This work investigates whether System-2–style long-chain chain-of-thought (CoT) reasoning can surpass System-1 intuitive inference in perceptual tasks. To this end, we construct the first large-scale, synthetically generated visual-reasoning dataset comprising 30K samples with verifiable long CoTs. Our method introduces a three-stage controllable synthesis framework: (1) generating image-grounded, verifiable multiple-choice questions from image descriptions; (2) extracting initial CoTs from vision-language models (VLMs); and (3) expanding them into deep, logically verifiable long chains using advanced reasoning models. The approach integrates multimodal large models, instruction fine-tuning, dense image parsing, and controllable CoT expansion. Evaluated on five visual benchmarks, our method achieves an average +3.4-point improvement, including +11.8 on V* Bench. Notably, it also yields a +2.0 gain on the text-based MMLU-Pro benchmark—marking the first systematic demonstration of cross-modal generalization and transfer benefits of long-chain reasoning.

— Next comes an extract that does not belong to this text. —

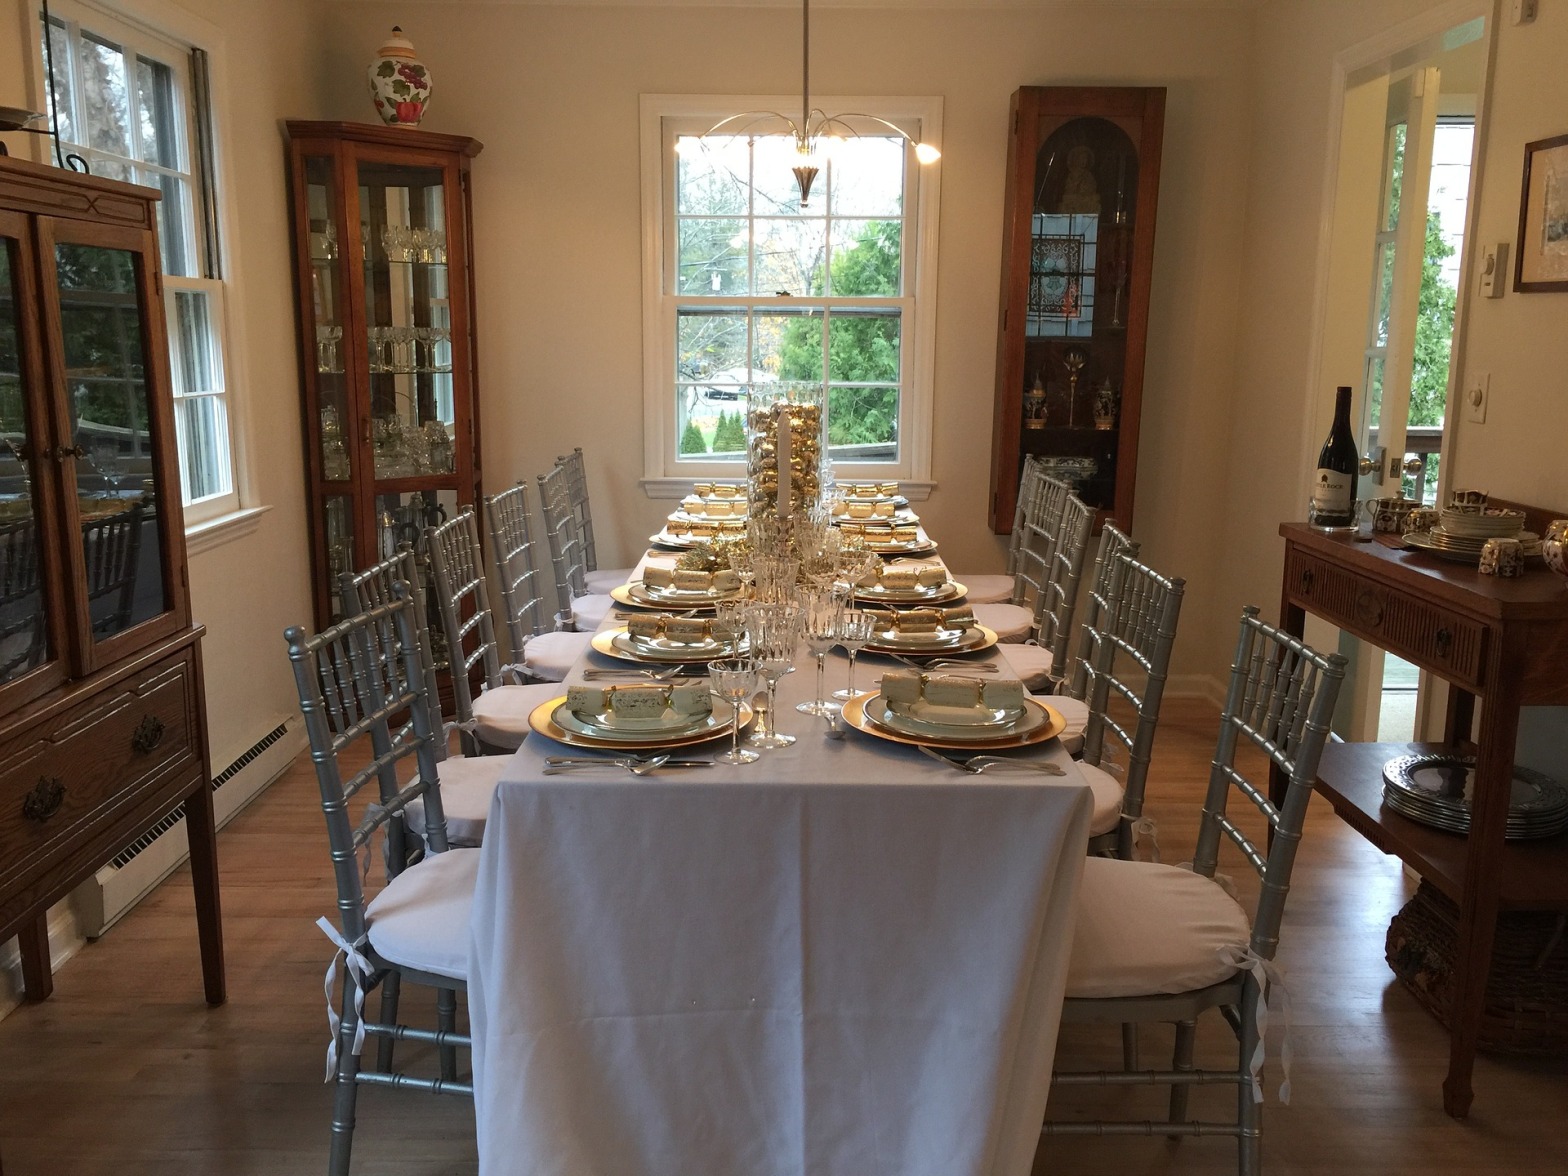 https://pixabay.com/en/dinner-party-table-setting-1927082/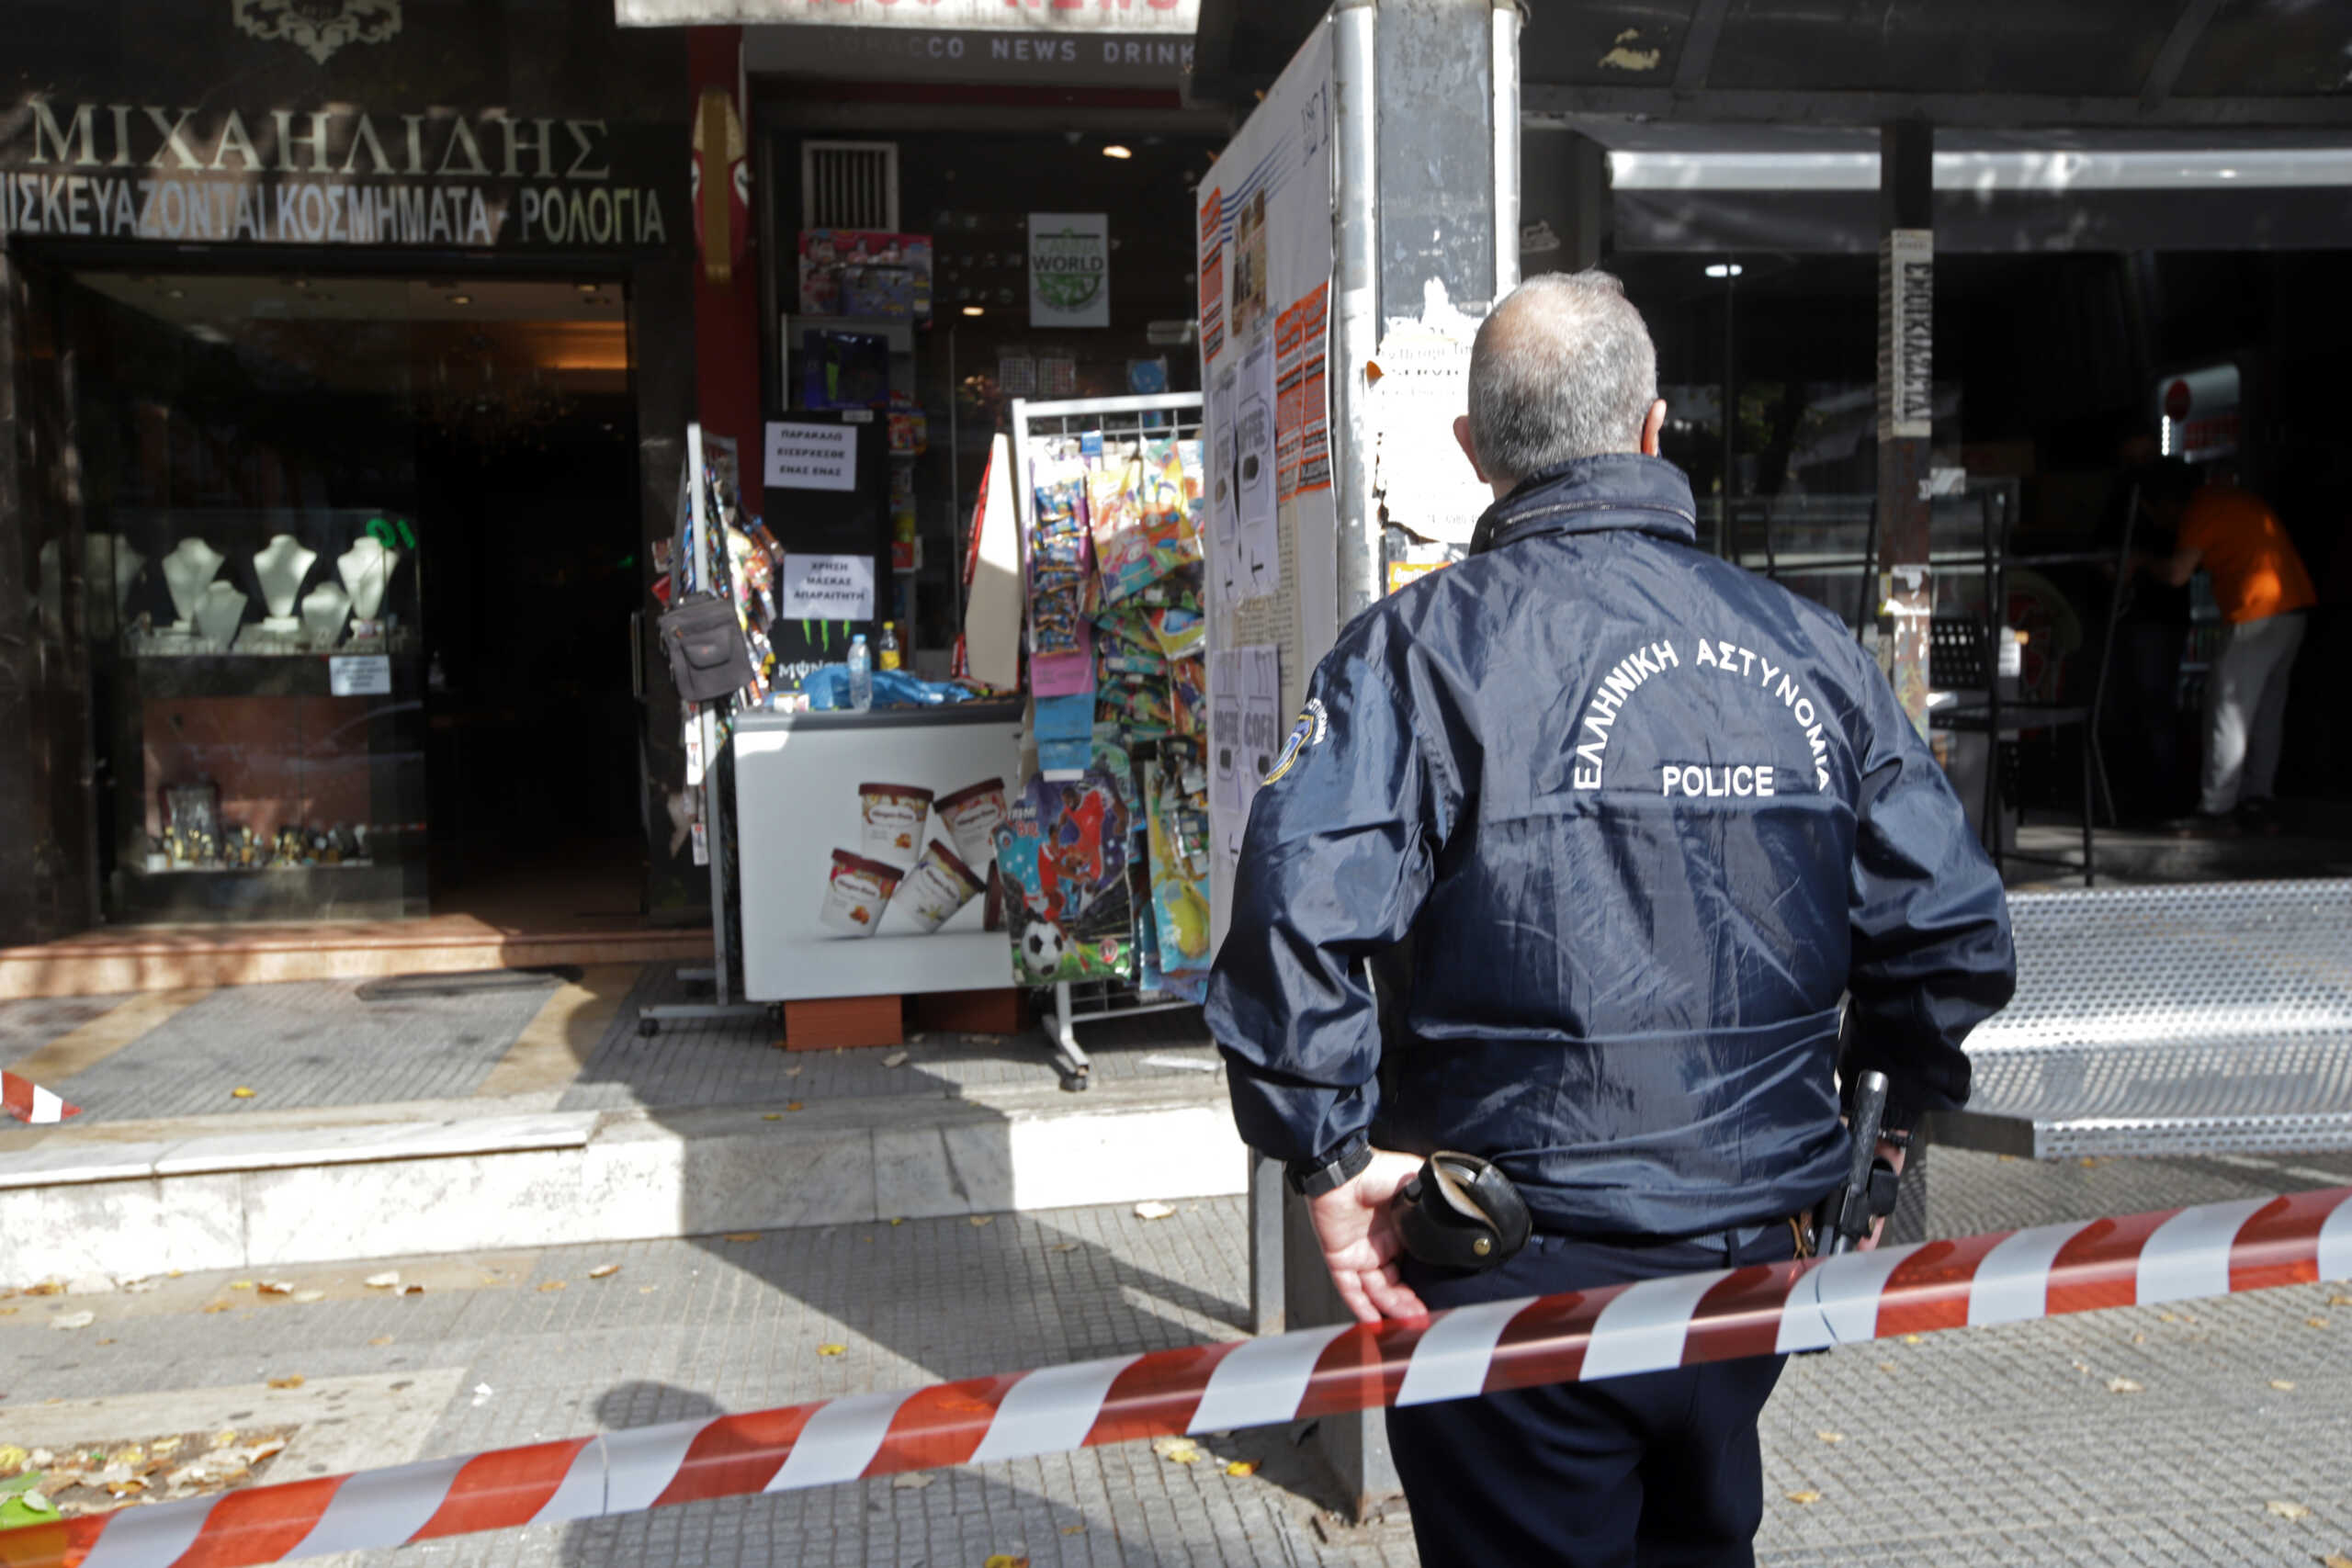 Θεσσαλονίκη: Ληστεία σε ψιλικατζίδικο του Ευόσμου – Έβγαλαν μαχαίρια και άδειασαν το ταμείο

Recent reasoning models through test-time scaling have demonstrated that long chain-of-thoughts can unlock substantial performance boosts in hard reasoning tasks such as math and code. However, the benefit of such long thoughts for system-2 reasoning is relatively less explored in other domains such as perceptual tasks where shallower, system-1 reasoning seems sufficient. In this paper, we introduce LongPerceptualThoughts, a new synthetic dataset with 30K long-thought traces for perceptual tasks. The key challenges in synthesizing elaborate reasoning thoughts for perceptual tasks are that off-the-shelf models are not yet equipped with such thinking behavior and that it is not straightforward to build a reliable process verifier for perceptual tasks. Thus, we propose a novel three-stage data synthesis framework that first synthesizes verifiable multiple-choice questions from dense image descriptions, then extracts simple CoTs from VLMs for those verifiable problems, and finally expands those simple thoughts to elaborate long thoughts via frontier reasoning models. In controlled experiments with a strong instruction-tuned 7B model, we demonstrate notable improvements over existing visual reasoning data-generation methods. Our model, trained on the generated dataset, achieves an average +3.4 points improvement over 5 vision-centric benchmarks, including +11.8 points on V$^*$ Bench. Notably, despite being tuned for vision tasks, it also improves performance on the text reasoning benchmark, MMLU-Pro, by +2 points.